N’ayant pas supporté l’ambiance et la tournure des évènements, le héros se sentant anéanti par l’acharnement du destin, il décida de continuer son long chemin, jusqu’au lever du soleil. Quatrième chapitre, «
Morning », l’aventurier n’ayant toujours pas digéré ce qu’il venait de vivre, il se posa sur la haute colline pour se ressaisir et regarder le lever du soleil, tout en jouant de la harpe, assisté par une chorale mélancolique ainsi que par un jeu de piano angélique, calme et attendrissant, qui l'accompagnera jusqu’à la fin de son périple. Cinquième et dernier chapitre « Dreams », le héros se dirige vers le bout de son rêve, tout en franchissant les obstacles s’opposant à lui pour atteindre le château, là où son trésor est supposé être. Pour une ambiance finale, les instruments jouent le tout pour le tout, pour rendre la finale émouvante, dramatique et marquante pour l’auditeur. Un piano qui crée le suspense, avec un jeu alléchant et rapide, en même temps soutenu par une orchestration digne des plus grands films fantastiques.

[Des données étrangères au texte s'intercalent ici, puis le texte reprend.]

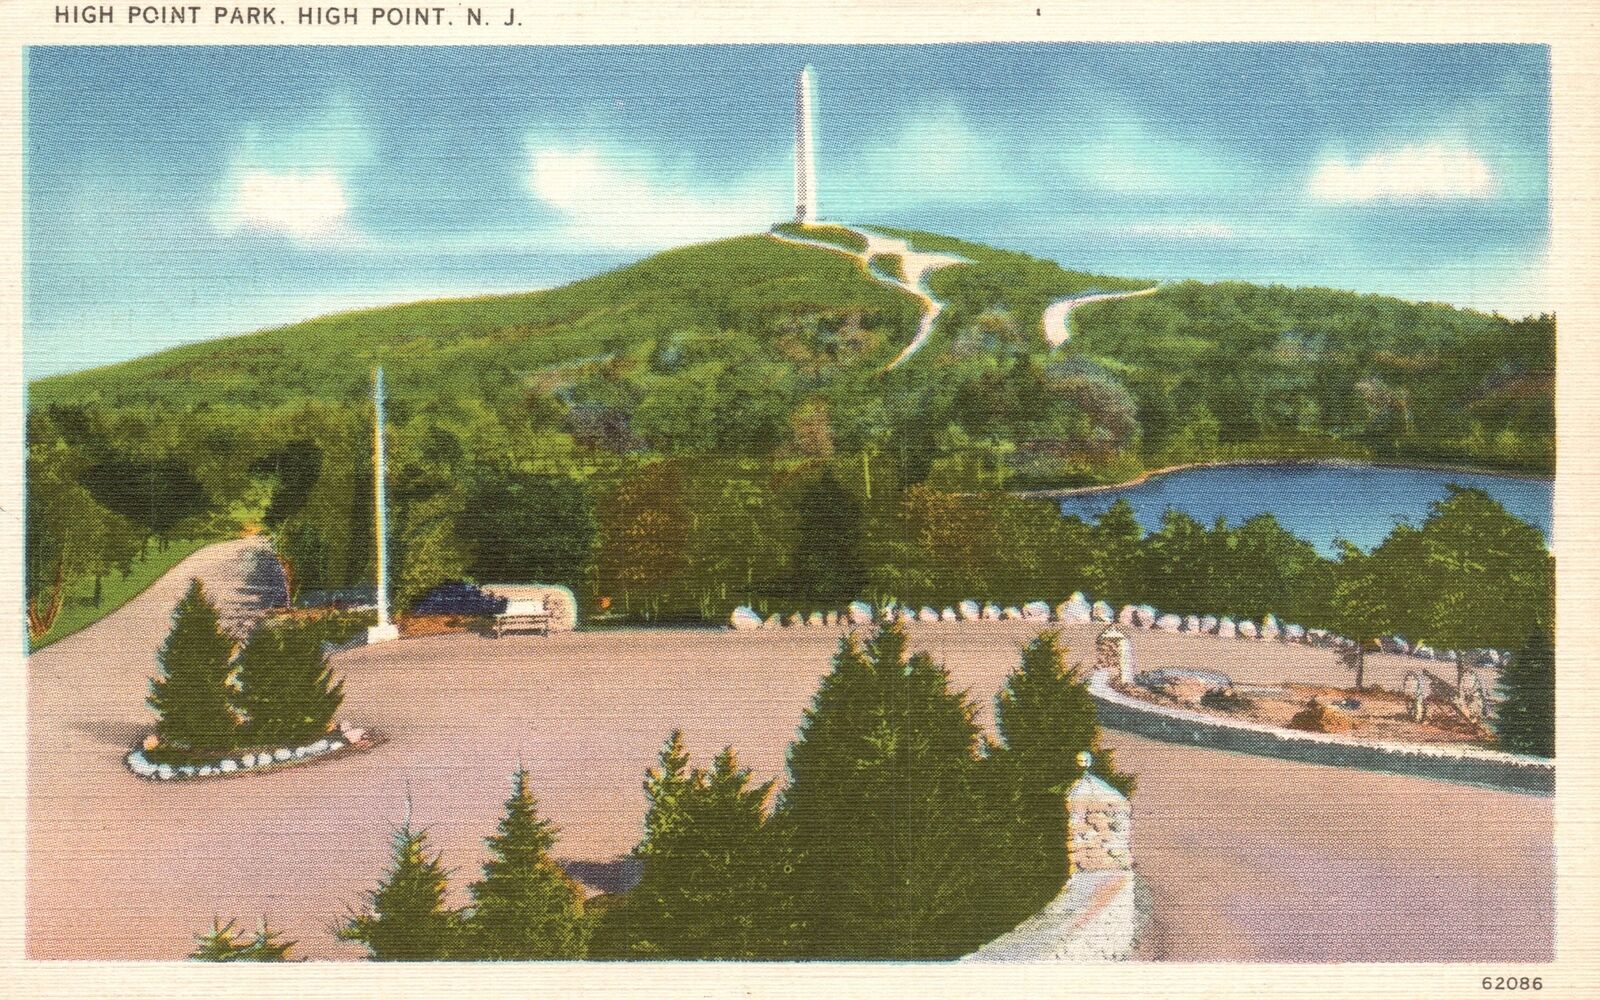 Vintage Postcard High Point Park Overlooking Monument Landscape High Point NJ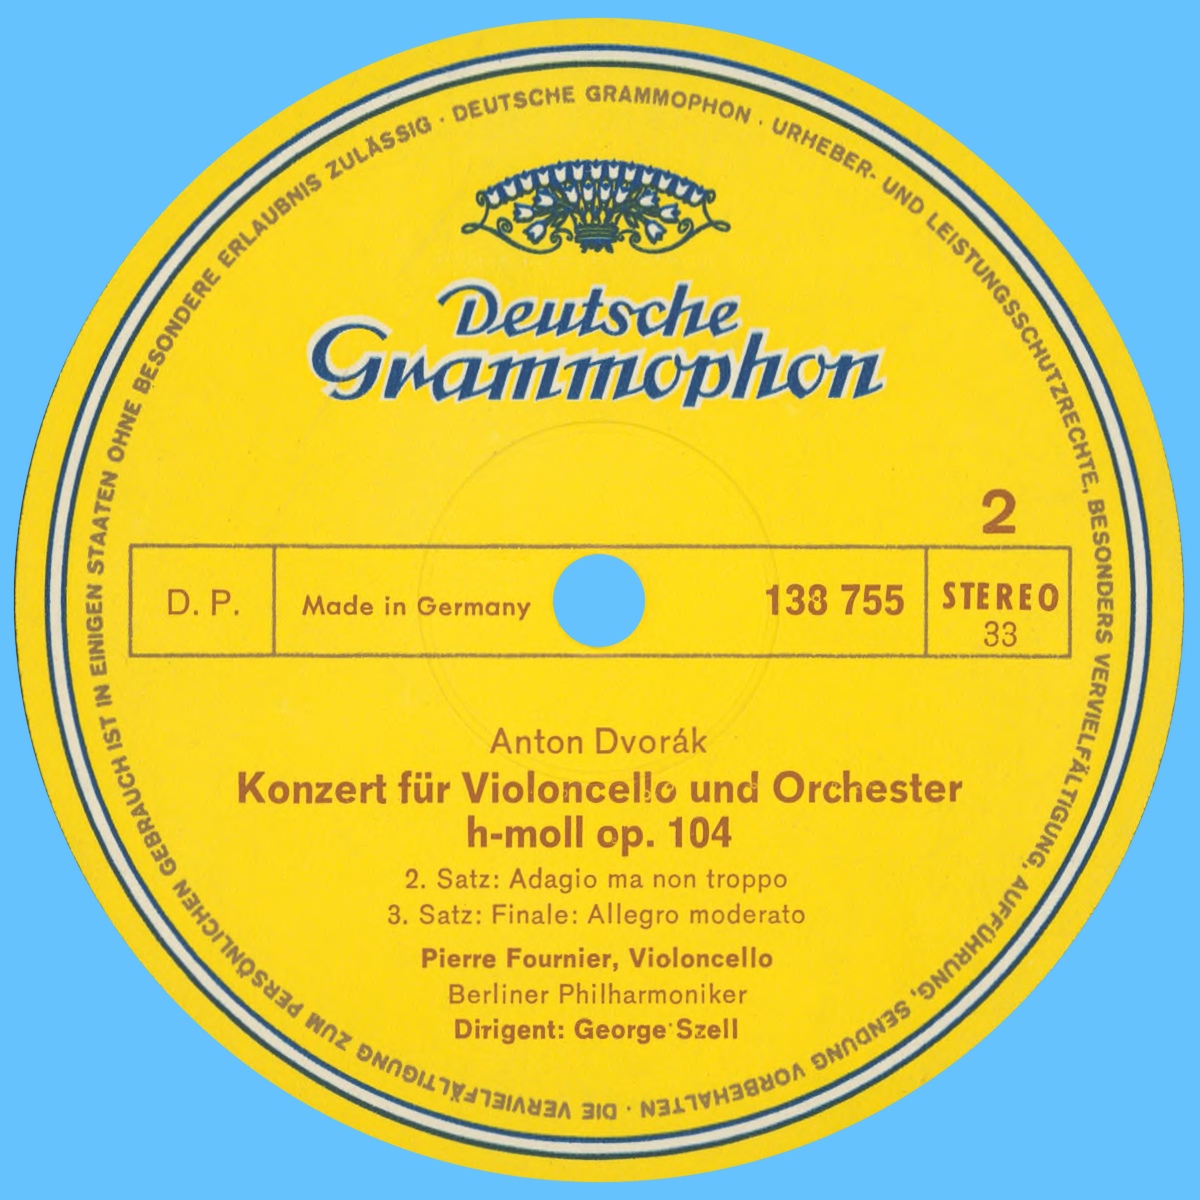 Étiquette verso du disque Deutsche Grammophon SLPM 138 755

Pour terminer, la musique de « Depressive
Silence » a quelque chose d’inoubliable et d'épique, et chanceux sont les quelques mordus de "l'Ambient" qui la possèdent. En effet, ce disque est une pièce rare, étant donné que le monde de nos deux créateurs a disparu depuis bien longtemps, laissant derrière lui quelques productions difficiles voire impossibles à trouver. Bon, si vous êtes quelqu’un de téméraire, un fan de «
Dark Ambient » ou bien un collectionneur, qui ne recule devant rien pour obtenir une petite perle rare comme cette cassette, pourquoi ne pas faire une petite quête via le net pour la dénicher?
Depressive Silence est duo de génies qui sont hélas bien trop restés dans l'ombre comme tant d'autres évidement et cela me dégoute.
Rare est qu'une musique me transporte autant...je suis en train d'écouter cet album que tu as franchement bien chroniqué. Je te donne mon avis une fois que j'ai fini l'écoute.
Néanmoins je dois dire que j'ai eu un petit sourire au lèvres quand j'ai remarqués que enfin quelques personnes de SOM (du moins...) porte un un intérêt à cette pure merveille qu'est Depressive Silence...
Wow... si j'avais su que quelqu'un avait chroniqué ça sur SoM ! Bravo !
Je suis en train de réécouter pour la énième fois cette petite merveille que j'ai découverte sur internet il y a quelques temps et c'est l'une des plus belles choses que j'ai pu écouter dans ma vie ! On sent la vieille production avec quelques défauts sur l'enregistrement mais quelle importance, c'est une oeuvre d'art malgré tout. Je pleure à chaque fois que j'écoute Atmosphere.